Portal: Coleção Companheira é uma coletânea de Portal e Portal 2, jogos de puzzle desenvolvido e publicado pela Valve Corporation.

O jogo foi lançado para Nintendo Switch no dia 28 de junho de 2022 e é vendido somente como coletânea, não sendo possível comprar um jogo somente.
HISTÓRIA/PREMISSA
As histórias de Portal e Portal 2 são contadas pela visão de Chell, uma mulher que acorda nas instalações da Aperture Science como uma voluntária para testes de dispositivos fabricados para a empresa.
As instalações são geridas por uma inteligência artificial chamada GLaDOS, que é extremamente obcecada por testes científicos e acompanha Chell em cada etapa que ela é submetida para atravessar os testes.
Para realizar os testes, é utilizado o Dispositivo Portátil de Portais da Aperture Science, capaz de criar portais que permitem transpor-se de uma localização à outra instantaneamente. Como ainda é um dispositivo experimental, as câmaras de desafio criadas pela GLaDOS tem como tema central o mecanismo dos portais, buscando verificar sua eficiência e segurança.
Em Portal, a campanha foca na relação entre Chell e GLaDOS e em criar o fundamento da franquia e expandir o universo de Half-Life. Em Portal 2, são apresentados novos personagens e o foco é o passado da Aperture Science, expandindo o conhecimento sobre os primórdios da empresa e os primeiros testes.
GAMEPLAY/JOGABILIDADE
É possível criar dois portais: um azul e um laranja. Ao atravessar o portal azul, o jogador sai no portal laranja. Essa mecânica é o ponto central da coletânea e ambos compartilham a qualidade impecável da jogabilidade. Com o foco claramente em portais para seus puzzles, a física e a jogabilidade é extremamente polida e demonstra o nível de qualidade que é possível alcançar em jogos.

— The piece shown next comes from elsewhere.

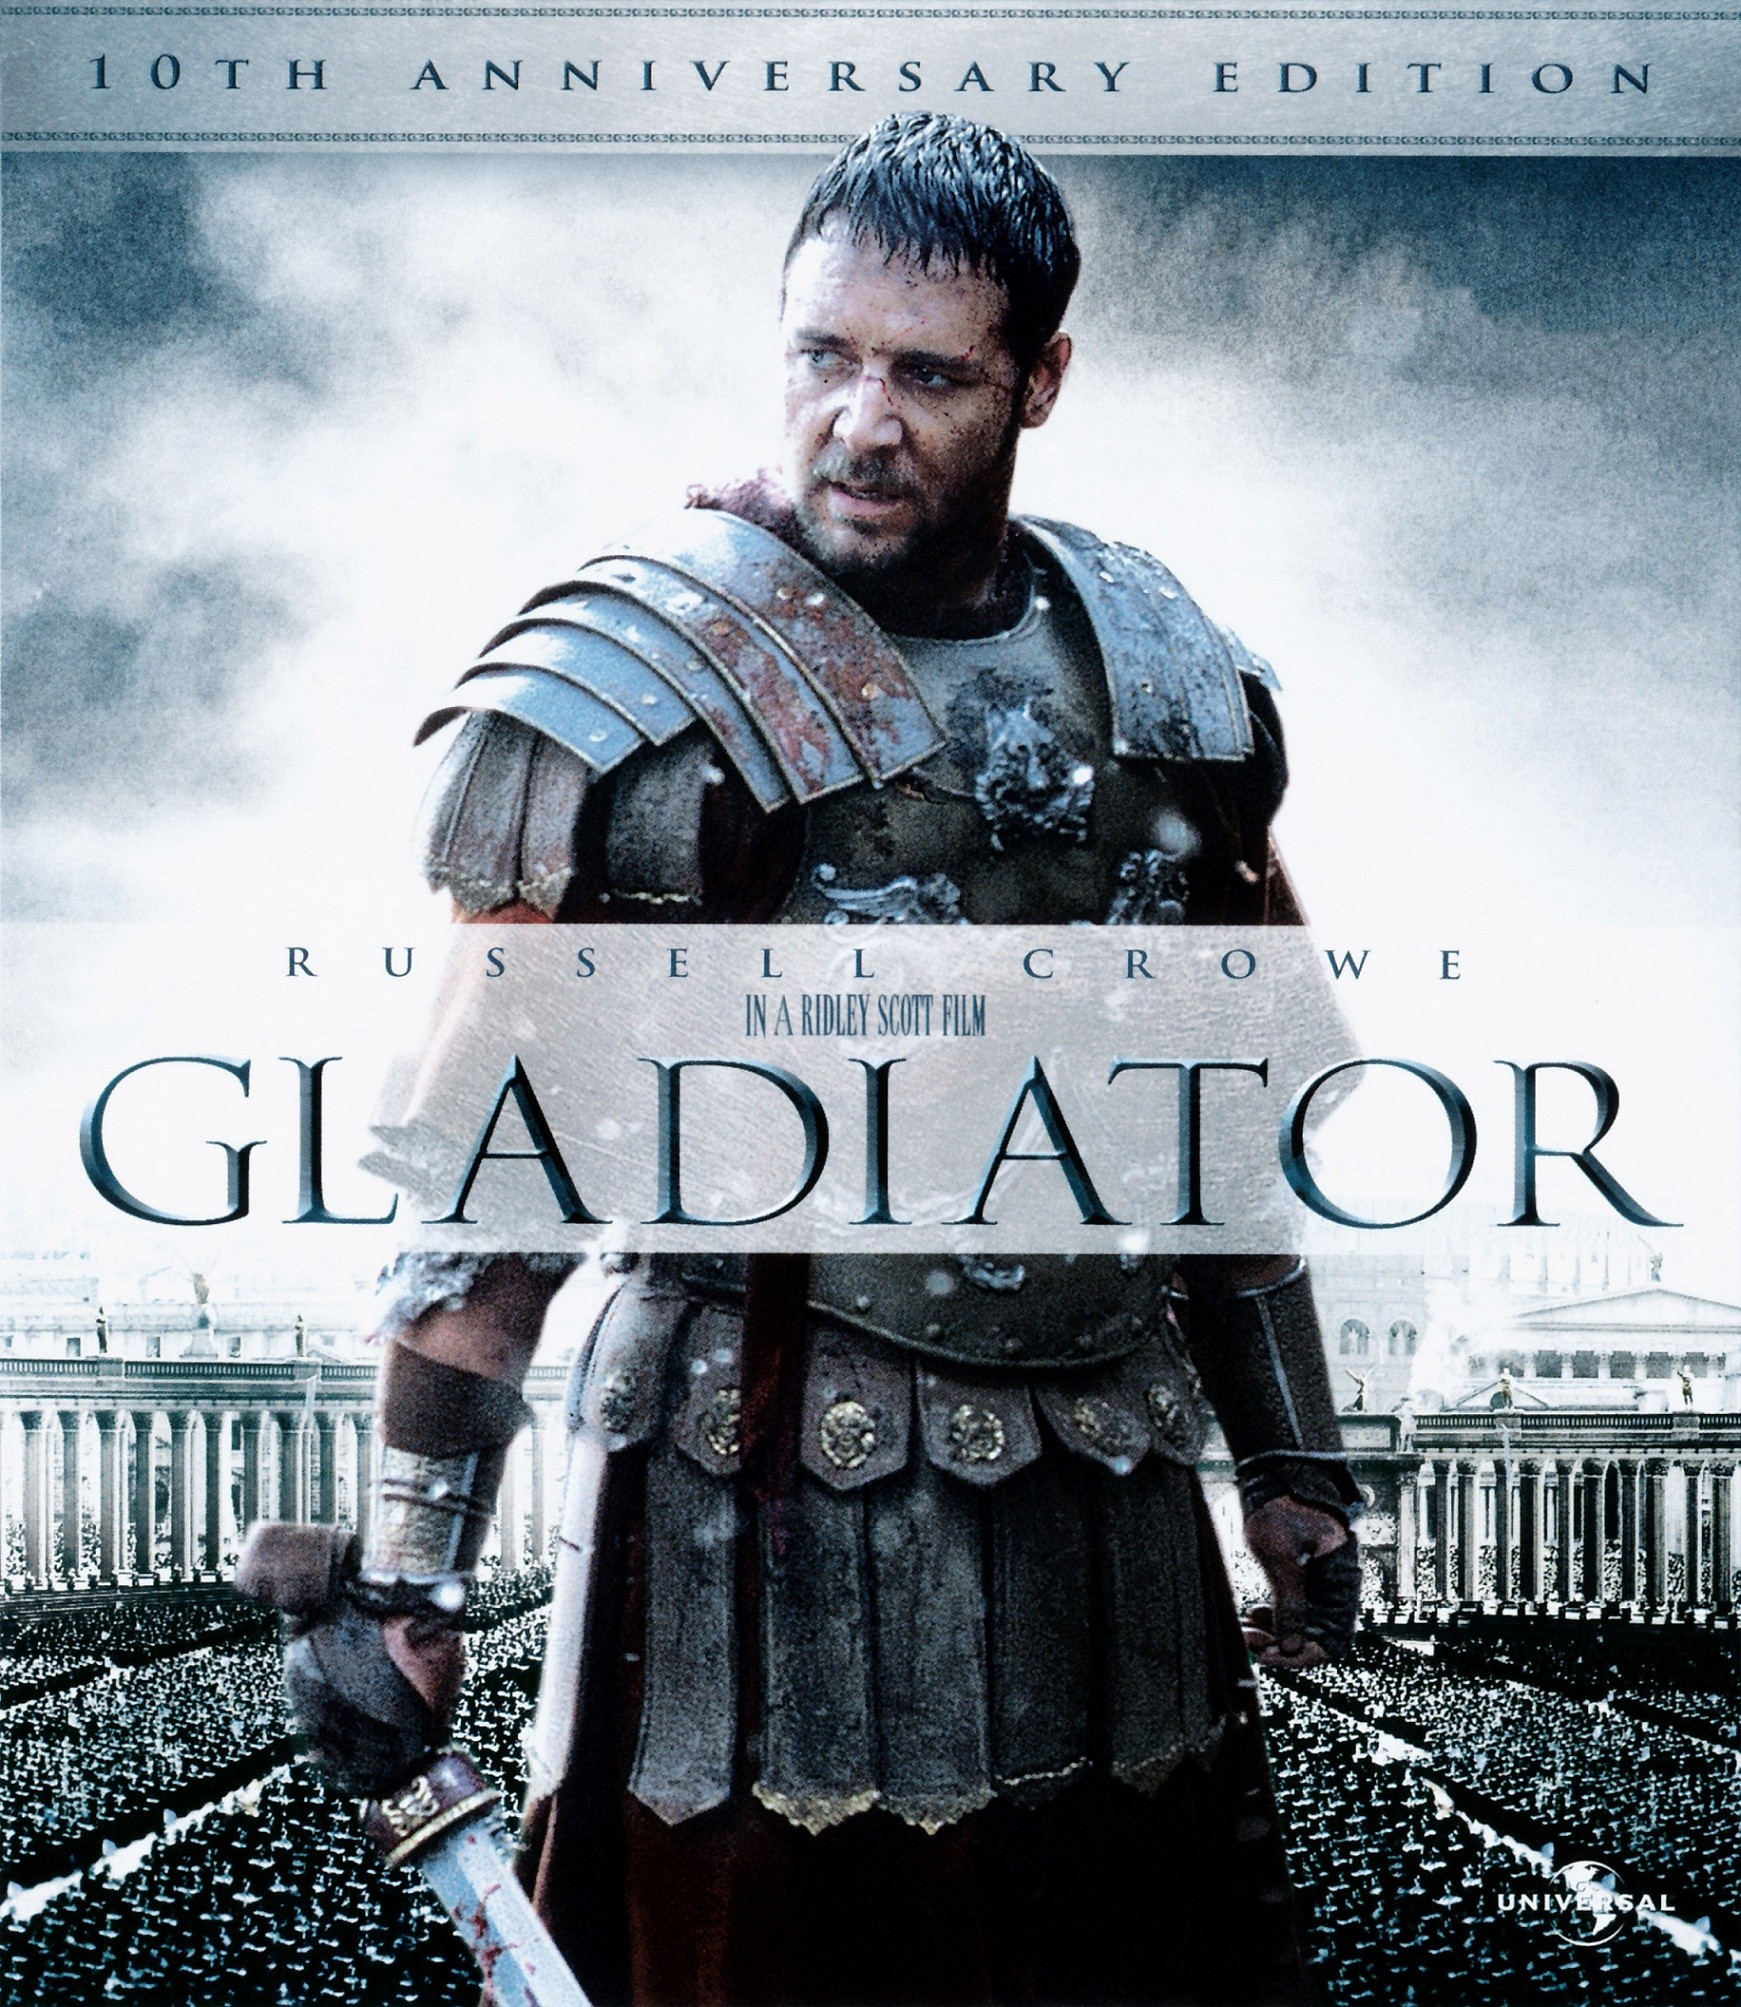 Watch Movie Gladiator Online Streaming
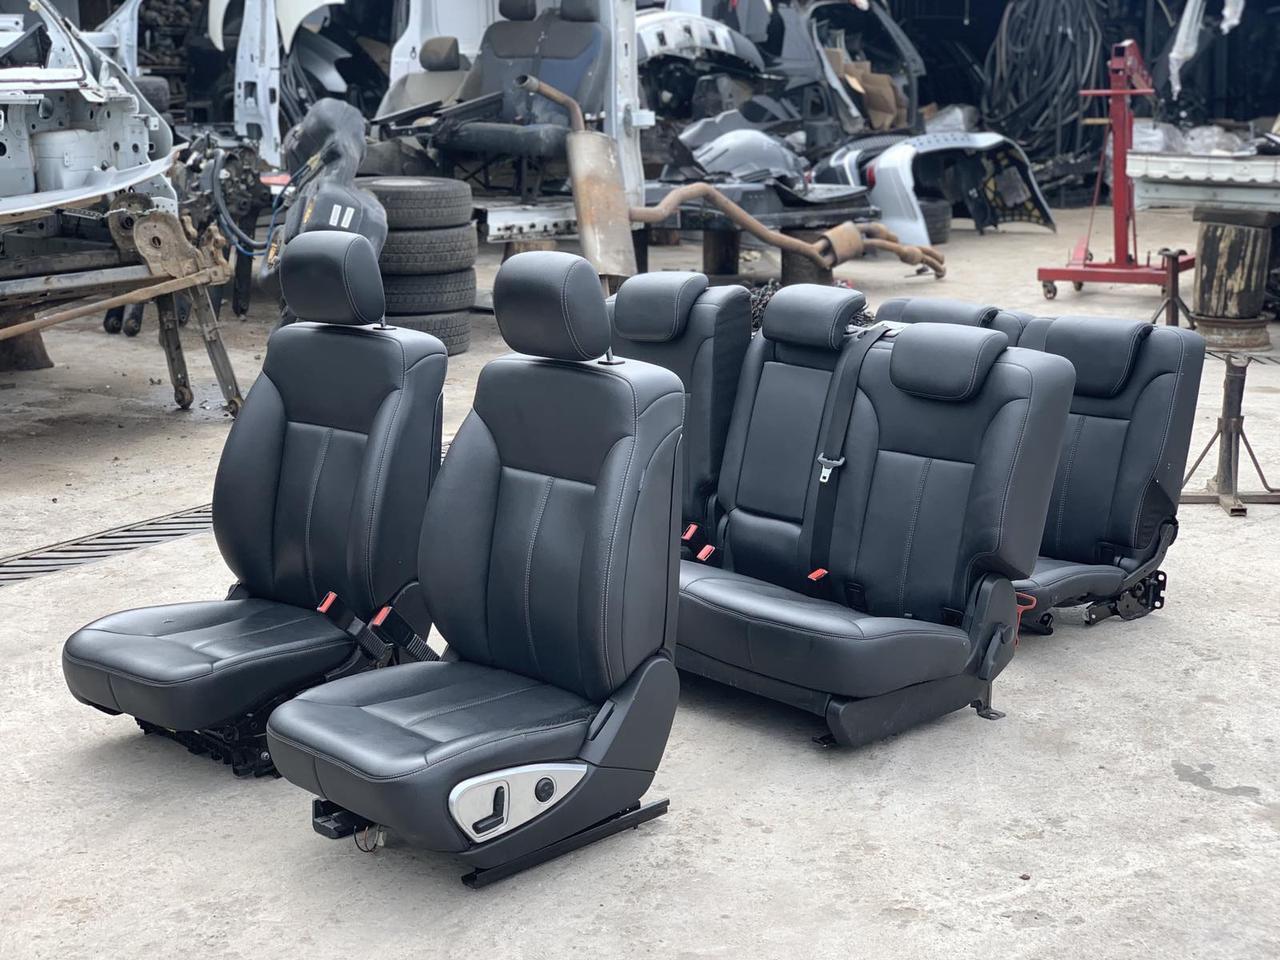 Сидіння чорні 3 ряда на Mercedes GL X164 салон Мерседес гл 164

Além dos portais, os puzzles contam com outros elementos, como cubos e orbes de energia em Portal; e lasers e fluidos com diferentes propriedades em Portal 2. Os puzzles são extremamente criativos e podem ser desafiadores quando não se olha para eles do ângulo certo. Os elementos extras adicionam muito ao jogo e trazem novidade para o jogo, mesmo quando rejogado dezenas de vezes (que é meu caso).
Levando em conta que a coletânea é um port dos jogos originalmente lançados para PC, a tradução dos comandos de teclado e mouse foram muito bem feitos. Mesmo sacrificando a precisão de um mouse para um analógico, a mira dos portais ainda é fácil de ter precisão, além da movimentação estar bem natural para um controle.
DIREÇÃO DE ARTE/TÉCNICA
A direção de arte é simplesmente brilhante. Cada jogo busca passar uma sensação diferente e isso é muito claro desde o design dos níveis até a trilha sonora. Portal quer passar a sensação de enclausuramento e desconhecido, enquanto Portal 2 quer passar a sensação de exploração do passado e ruínas do presente.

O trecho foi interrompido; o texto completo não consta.